Академик отличался моложавым спортивным складом, седина его в полутьме была не видна, и поэтому на него никто не обратил внимания. Некоторое время он слонялся среди гостей, пытаясь обнаружить свою дочь и вручить ей букет горных тюльпанов, привезенных издалека, а потом остановился возле группы парней и девушек, в центре которой разглагольствовал Арсений Горинян.
Горинян как раз заканчивал разгром нового фильма Антониони, когда Инга вдруг заметила среди слушателей знакомую фигуру, курящую по-матросски – в кулак.
– Папка! – крикнула она, ринулась и зарылась головой в душистые прохладные тюльпаны.
– Отец! Отец приехал! Конь прискакал! – пронеслось по комнатам, и по меньшей мере половину гостей как ветром сдуло, хотя никаких, собственно говоря, оснований для бегства у них не было, просто сработал естественный рефлекс.

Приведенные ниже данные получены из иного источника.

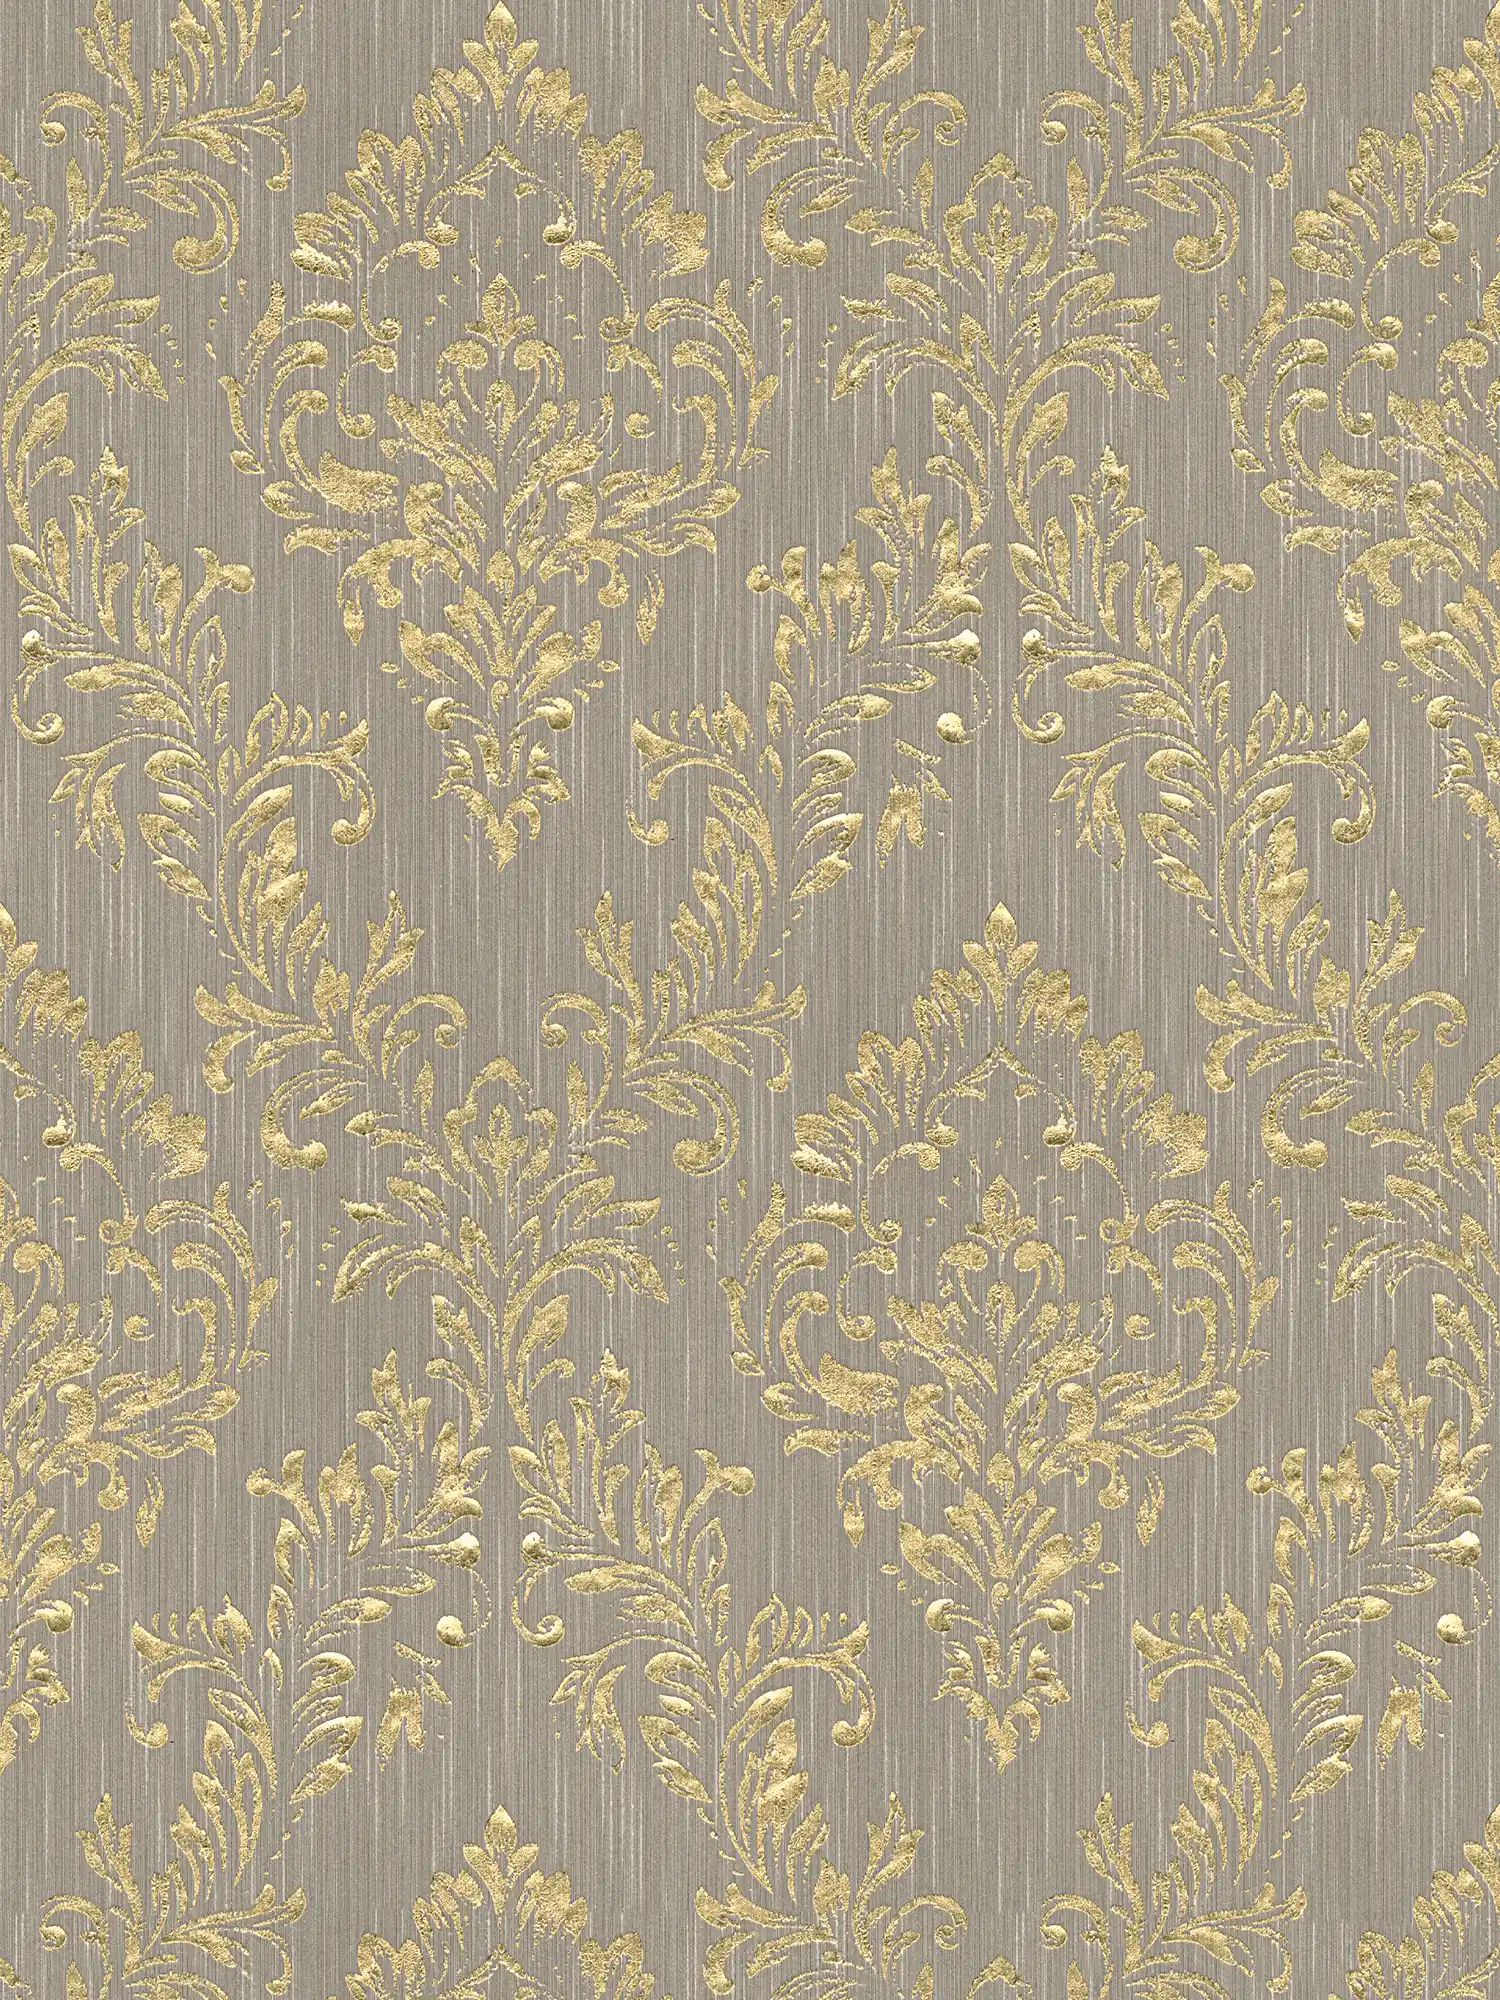 Papier peint ornemental floral avec effet scintillant doré - or, beige

Впрочем, и у оставшихся был довольно смущенный вид, когда Инга зажгла свет и все увидели загорелого рослого мужчину с букетом в руках. Горинян стоял с открытым ртом, мрачный Гера смотрел, как медведь из берлоги, Вася Снежный Человек тренькал на одной струне, Лева Малахитов сдувал пылинки с плеч Людмилы Бруни и Пегги Пинчук, а Марк Рубинчик растерянно чиркал своей шикарной зажигалкой «ронсон», словно забыв о сигарете, торчащей у него в зубах.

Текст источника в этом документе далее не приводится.